# [Activity]
Please output every line of the material as it stands, without the pictures.

# [Supplied information]

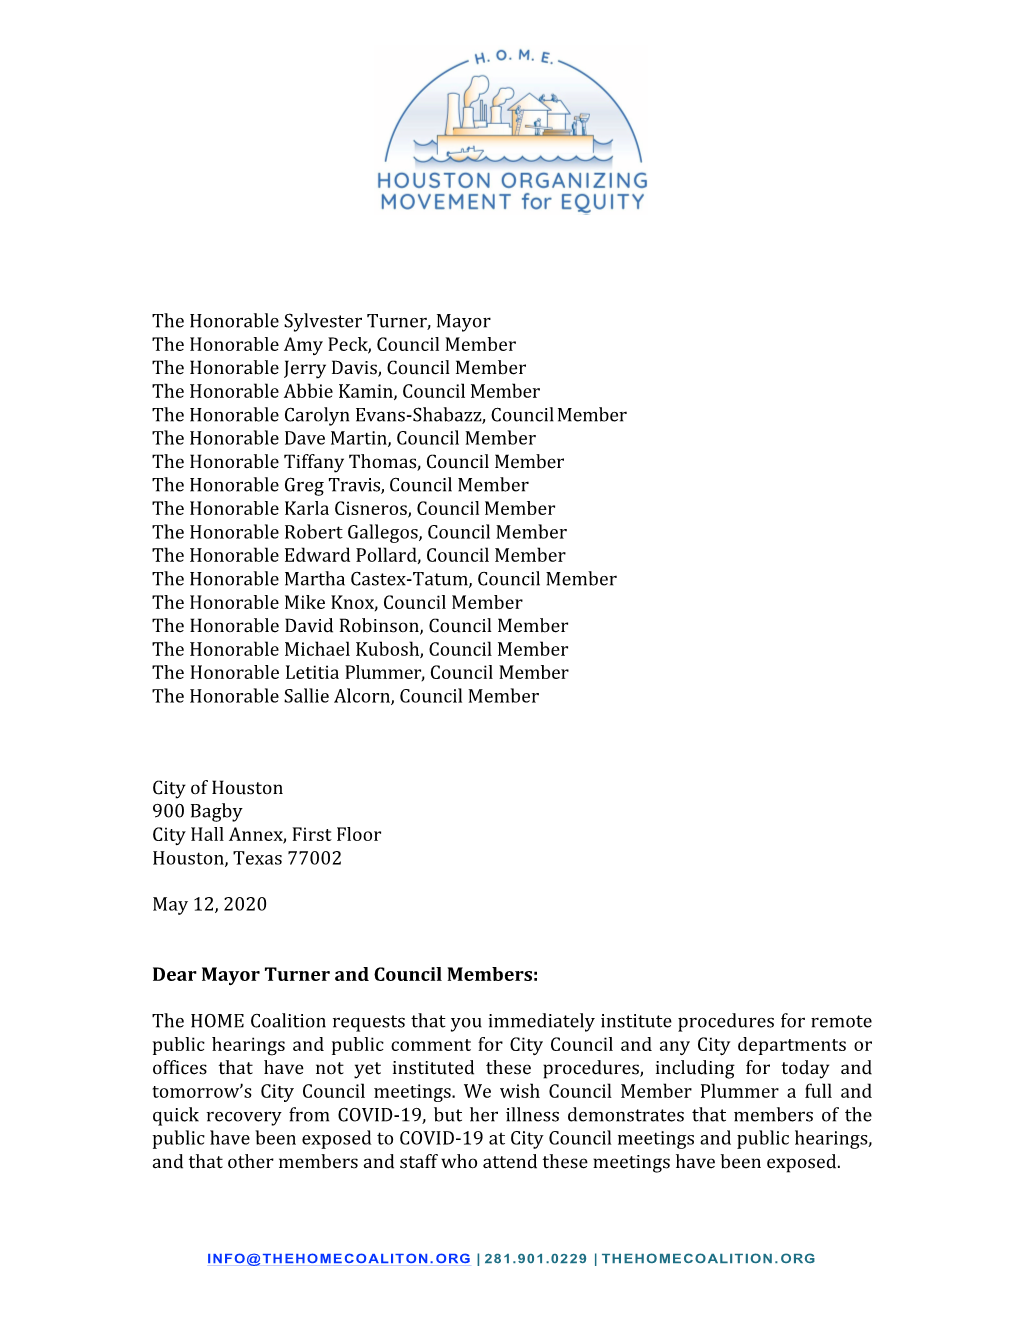 Letter to Houston Mayor and City Council from The
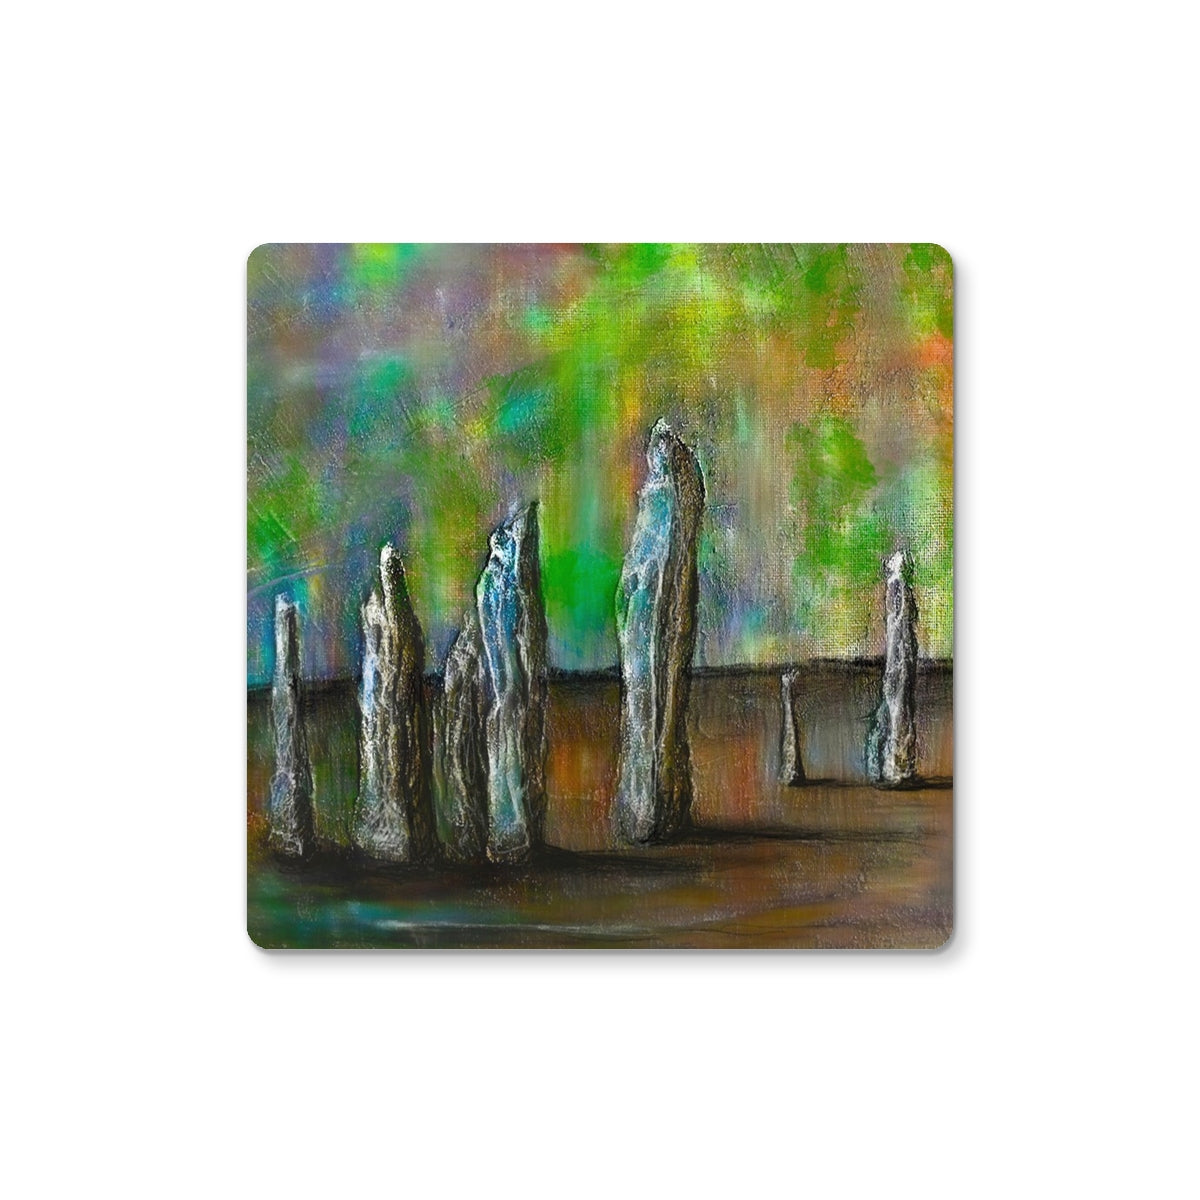 Callanish Northern Lights Art Gifts Coaster-Coasters-Hebridean Islands Art Gallery-Single Coaster-Paintings, Prints, Homeware, Art Gifts From Scotland By Scottish Artist Kevin Hunter
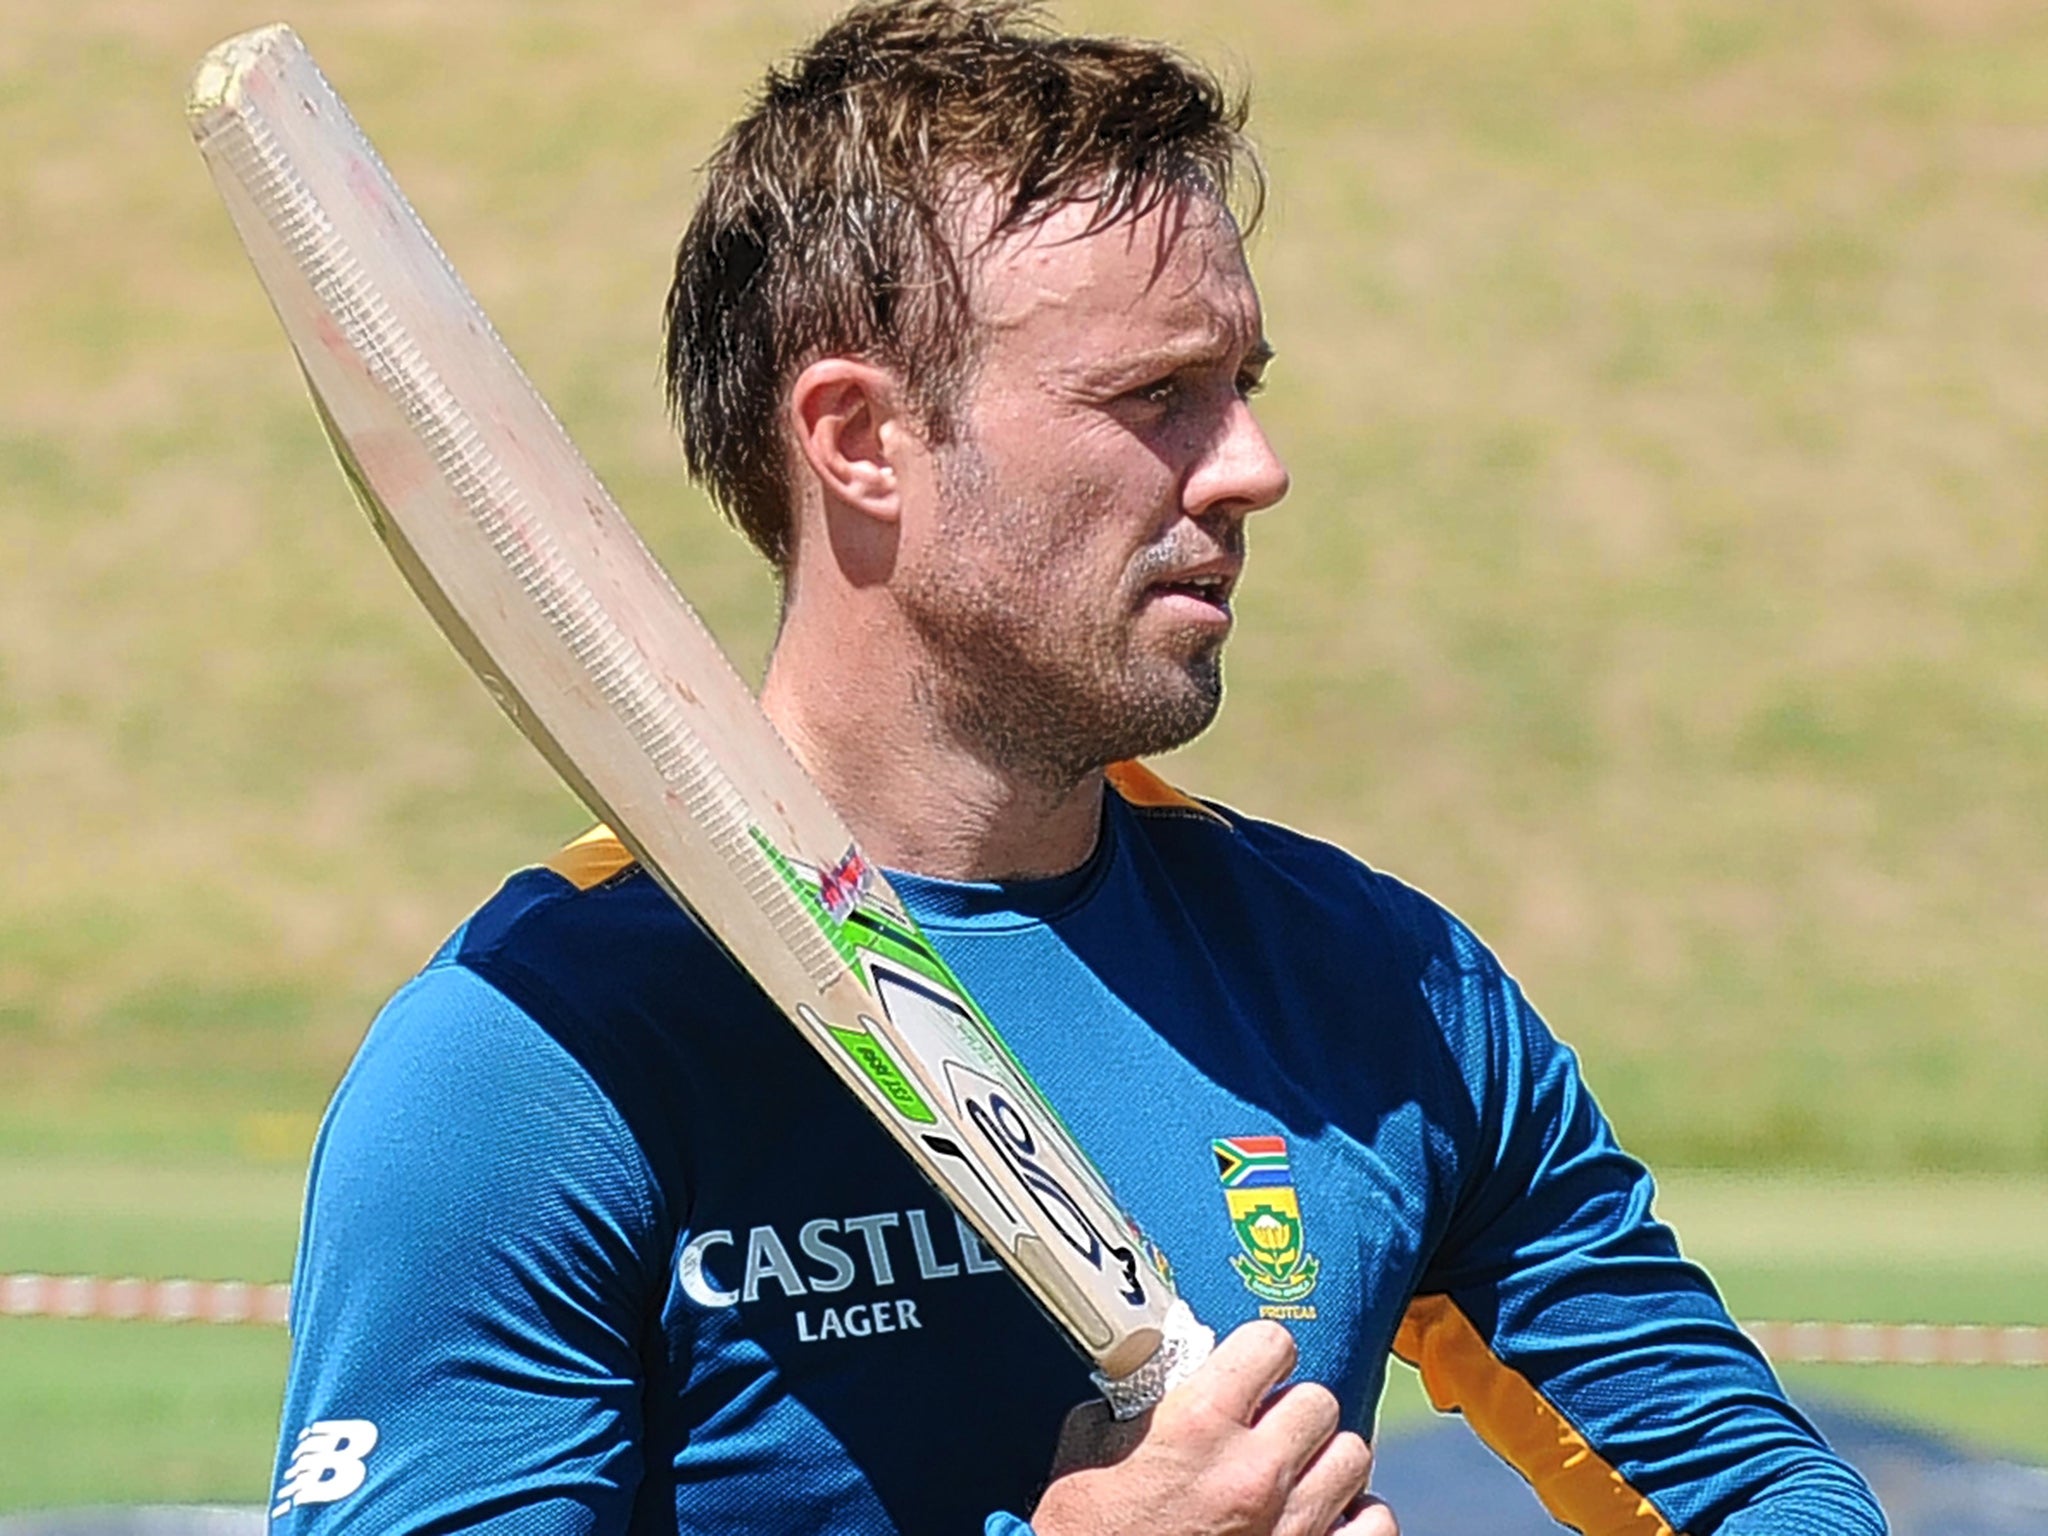 AB de Villiers, training at the Wanderers is leading South Africa for the first time in a Test match

# [Response below]
 Letter to Houston Mayor and City Council from The
 Callanish Northern Lights Art Gifts Coaster-Coasters-Hebridean Islands Art Gallery-Single Coaster-Paintings, Prints, Homeware, Art Gifts From Scotland By Scottish Artist Kevin Hunter
 AB de Villiers, training at the Wanderers is leading South Africa for the first time in a Test match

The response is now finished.